Chcialam Tobie tylko powiedzieć, że to co mnie osobiście bardzo pomogło to wnikliwe studiowanie Biblii, dzięki temu nie opuściłam rąk tylko złożyłam je do modlitwy.
Nie dziwię sie, że Pismo Świete jest i było w przeszłości tak pietnowane i niszczone; bo ludzie, a nawet ksieża ( ktorzy również sa tylko ludźmi - zawodza, ale Słowo Boże nigdy mnie nie zawiodło).
Chociz moi rodzice już nie żyją to mogę stwierdzić, że dali mi solidne podstawy abym się nie załamała: wiarę!

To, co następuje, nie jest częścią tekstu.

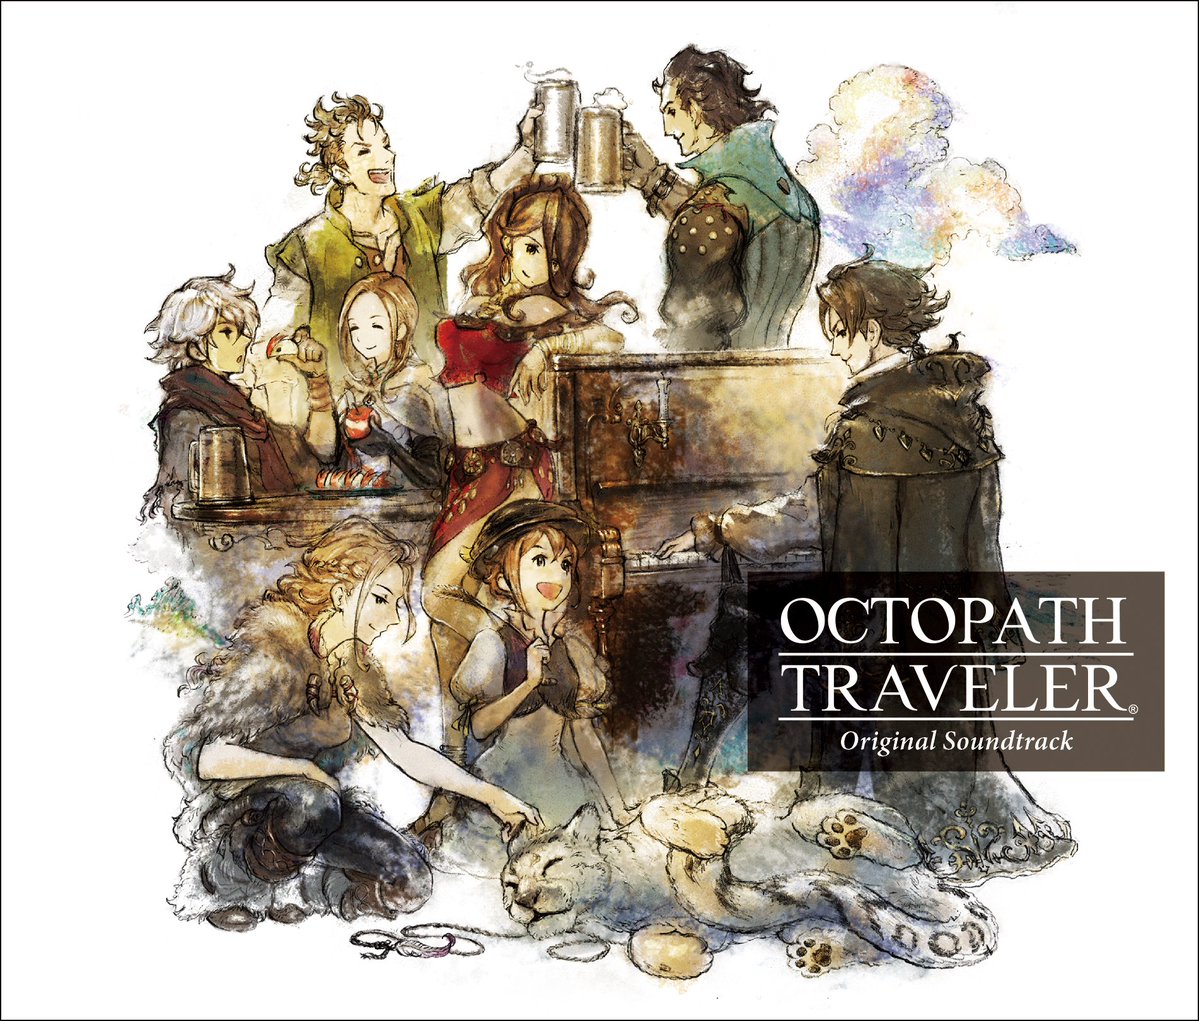 octopath traveler 2 reddit download free

Nie chcę tutj wyjśc na jakiegoś oszołoma bo to poważna sprawa i indywidualna dla każdego oraz bardzo osobista, ale moim zdaniem nie powinnaś się wstydzić i drwić z tego, że cienką nitką uchwyciłaś się Boskiej Prawicy bo mnie Ona uratował życie i jeszcze nigdy do tej pory nie czułam się tak wyzwolona i tak świadoma jak obecnie.
Teraz już jestem zdrowa bo nie boję się nikogo oprócz Boga i chociż jeszcze nie z wszystkim nadążam to wiem, że czlowieka który wierzy można zgiąć, ale nie złamać.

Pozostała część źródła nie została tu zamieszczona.